◆ Task prompt
Without including any images, repeat the data exactly.

Information supplied Start Marker

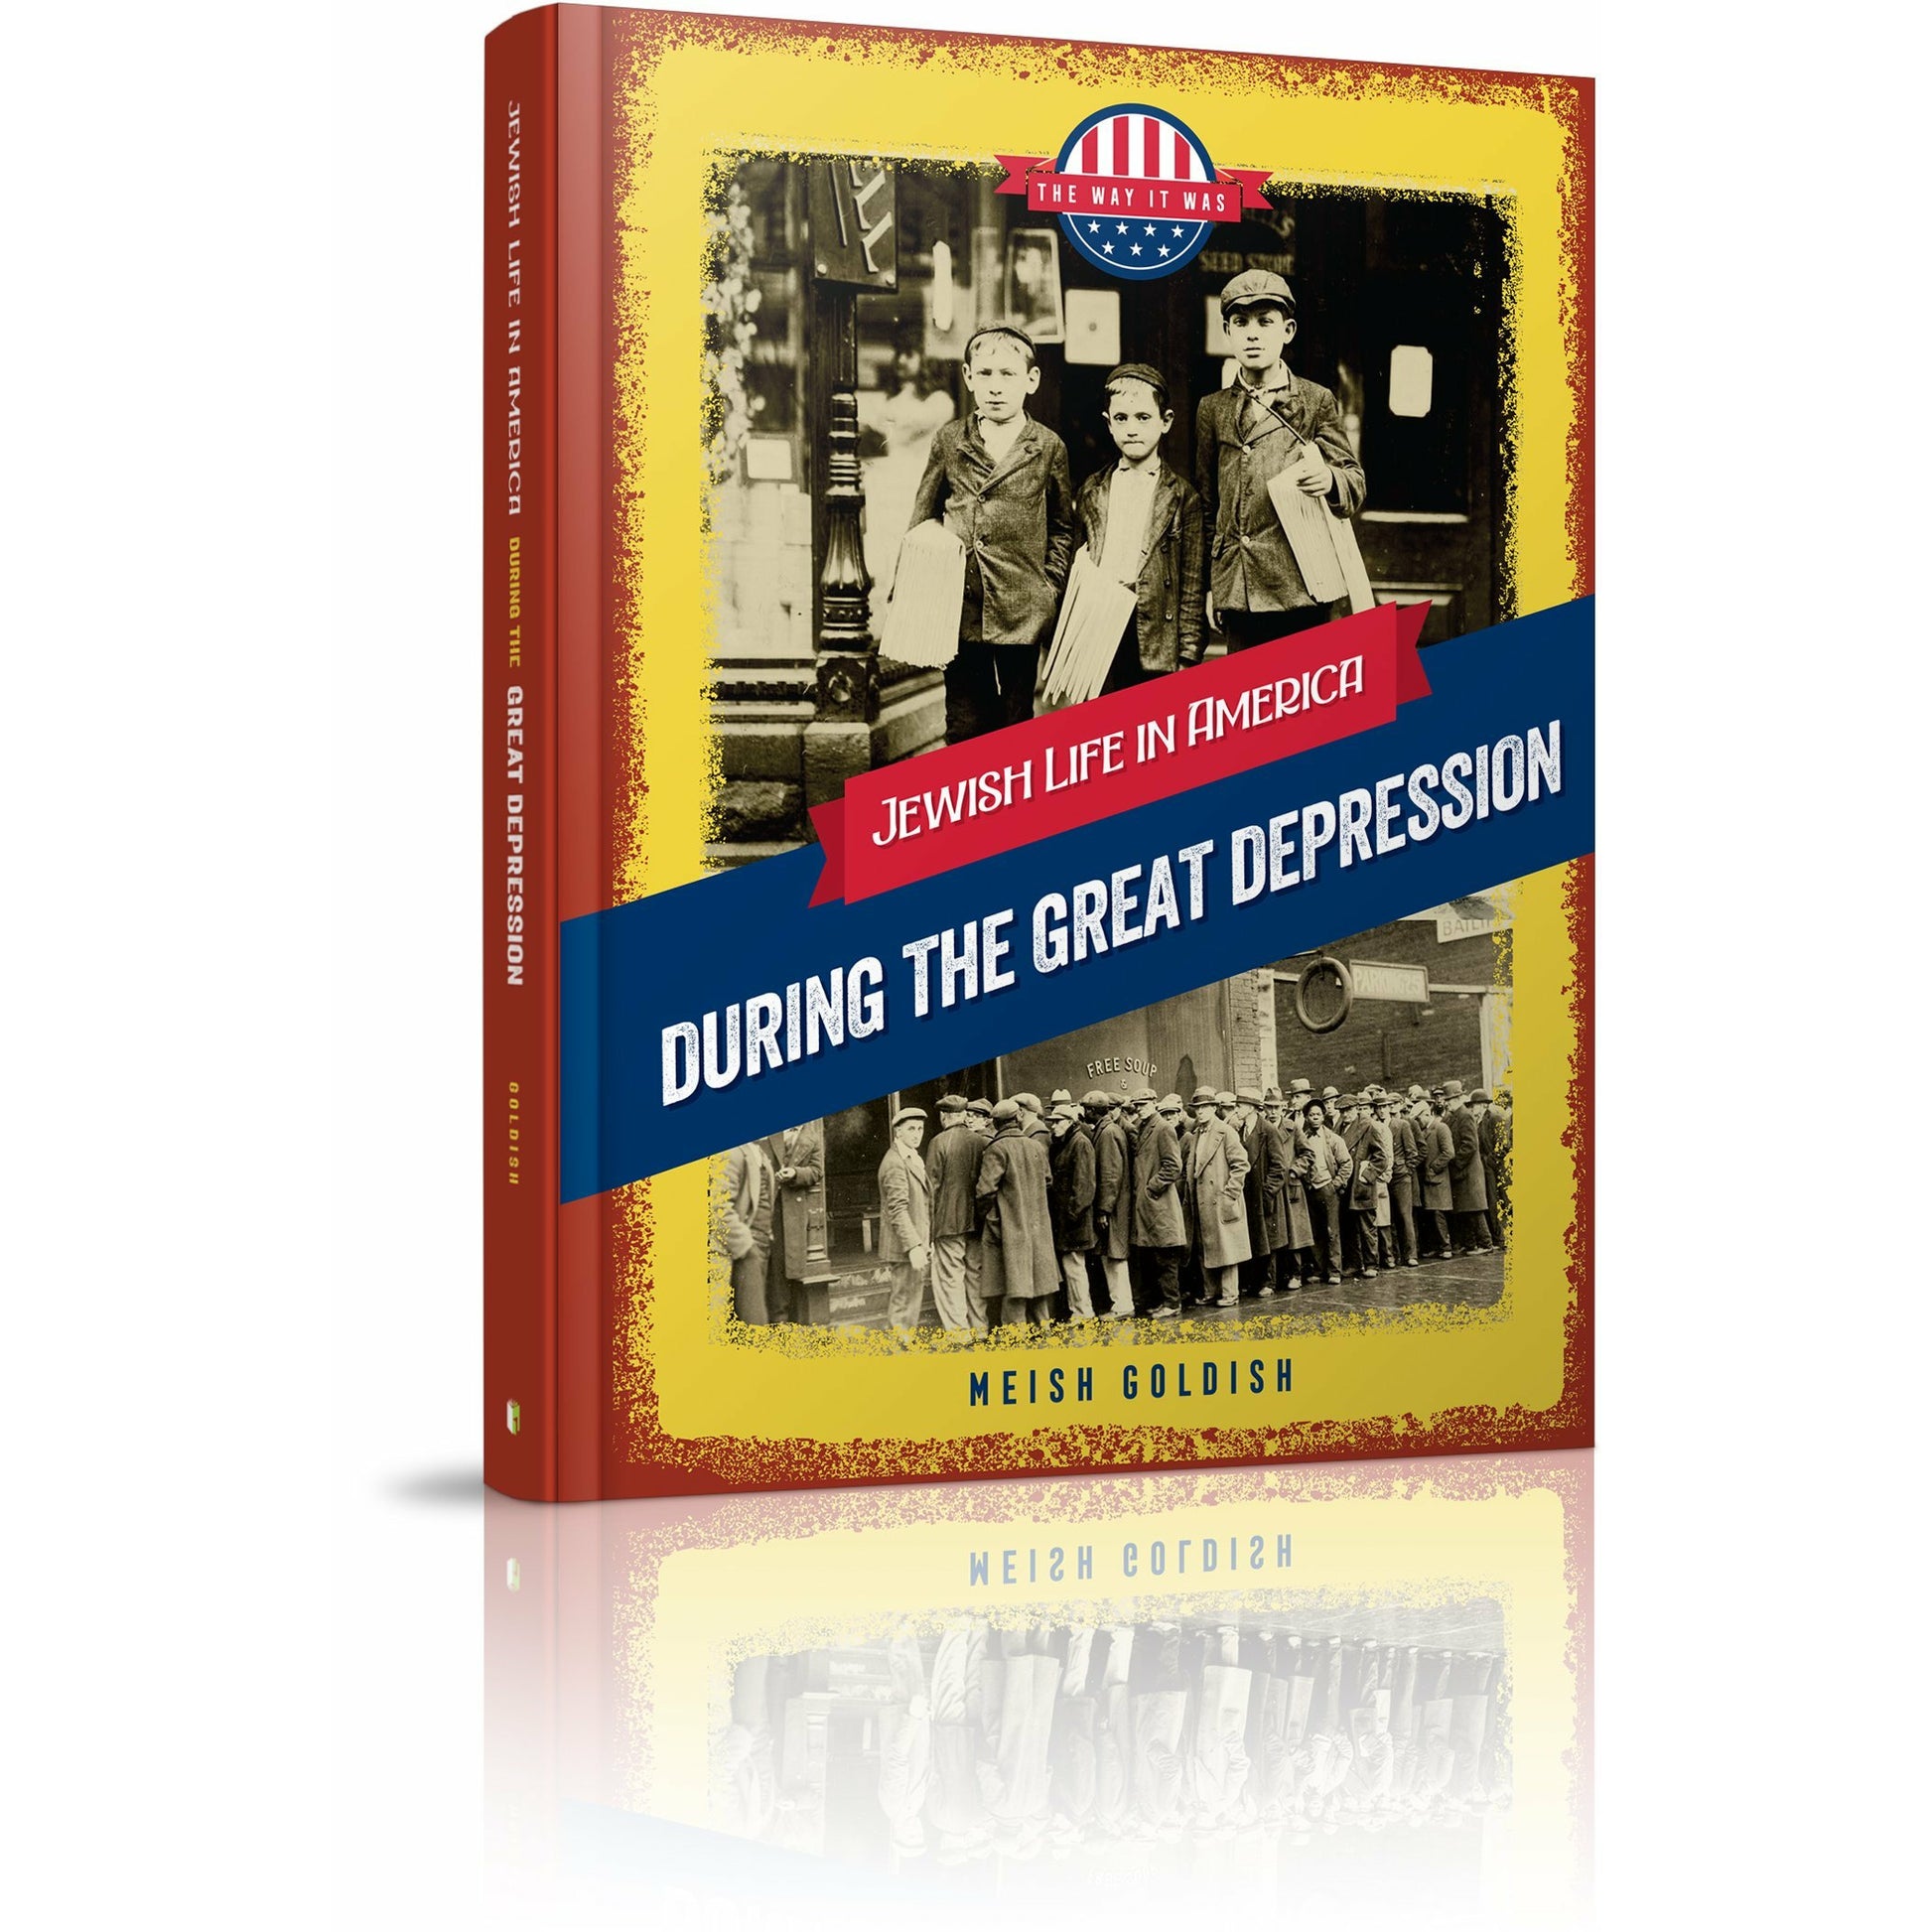 Jewish Life in America: During the Great Depression - 9781614656999 - Menucha Publishers Inc.
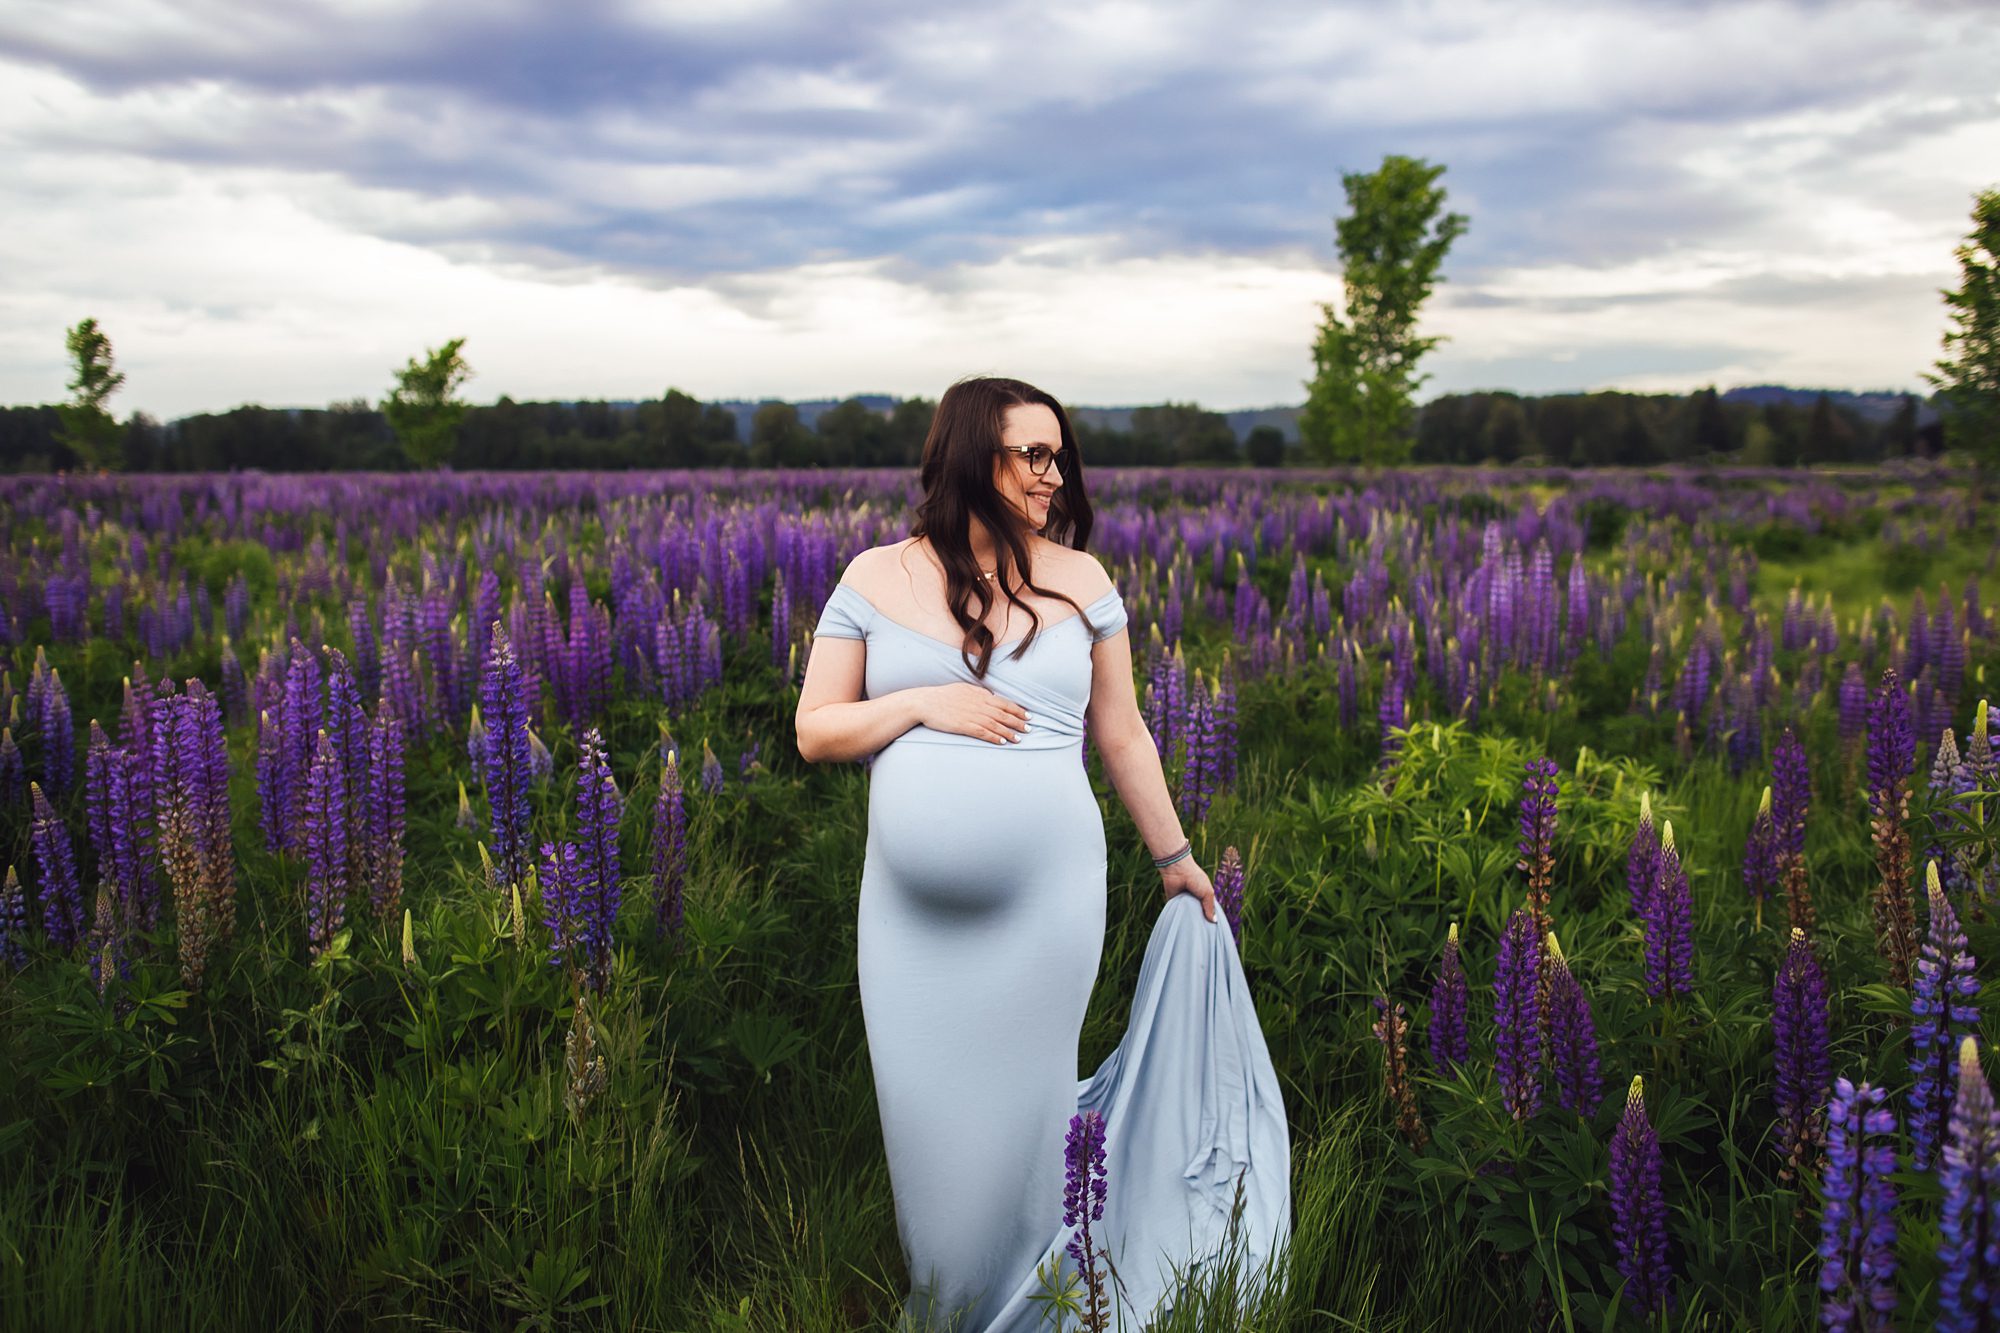 puyallup farm 12 lupines maternity photography session
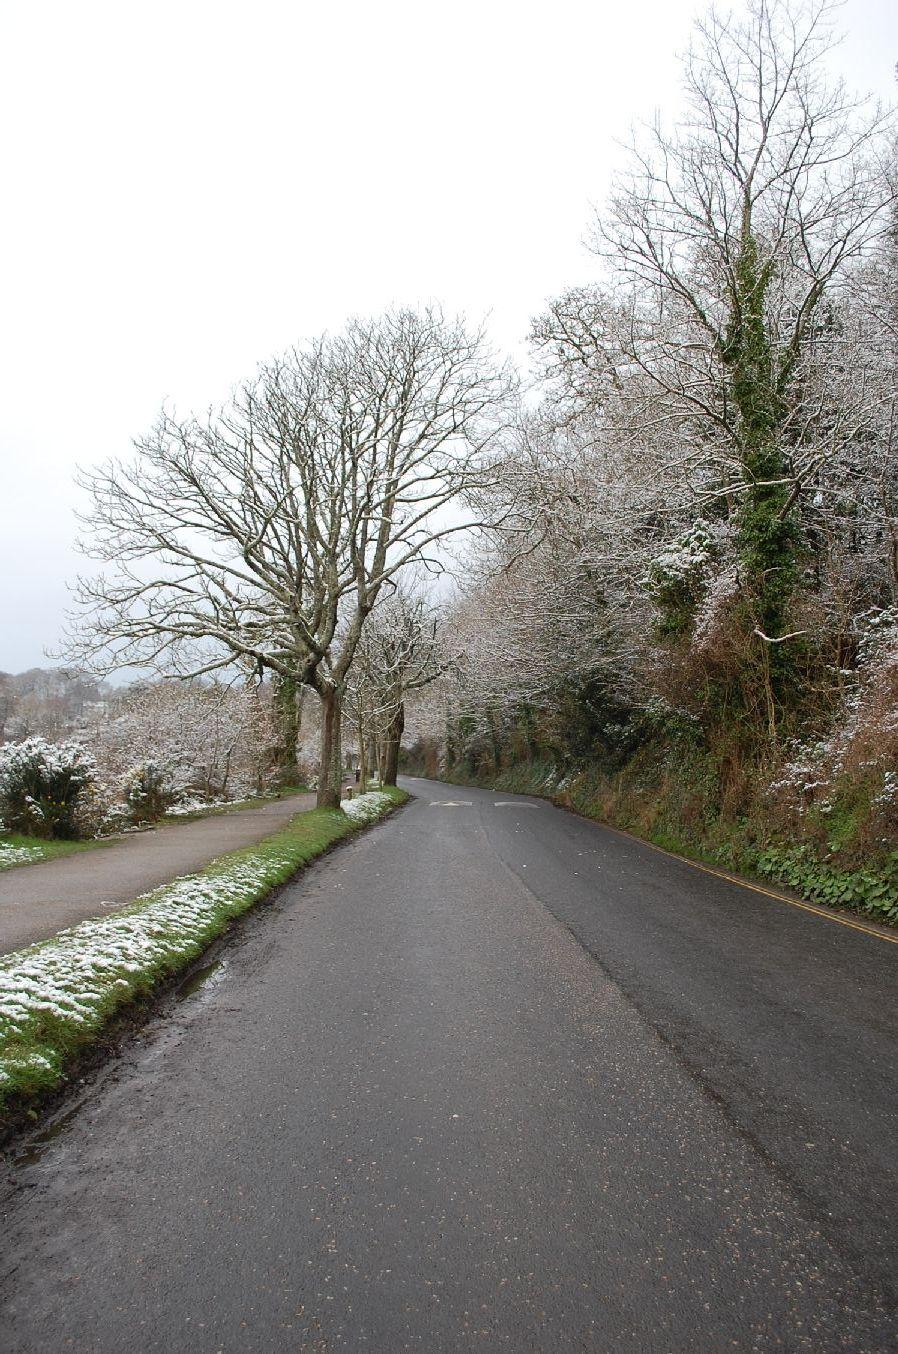 The road past Swanpool, Falmouth

Information supplied End Marker

◆ Result
 Jewish Life in America: During the Great Depression - 9781614656999 - Menucha Publishers Inc.
 puyallup farm 12 lupines maternity photography session
 The road past Swanpool, Falmouth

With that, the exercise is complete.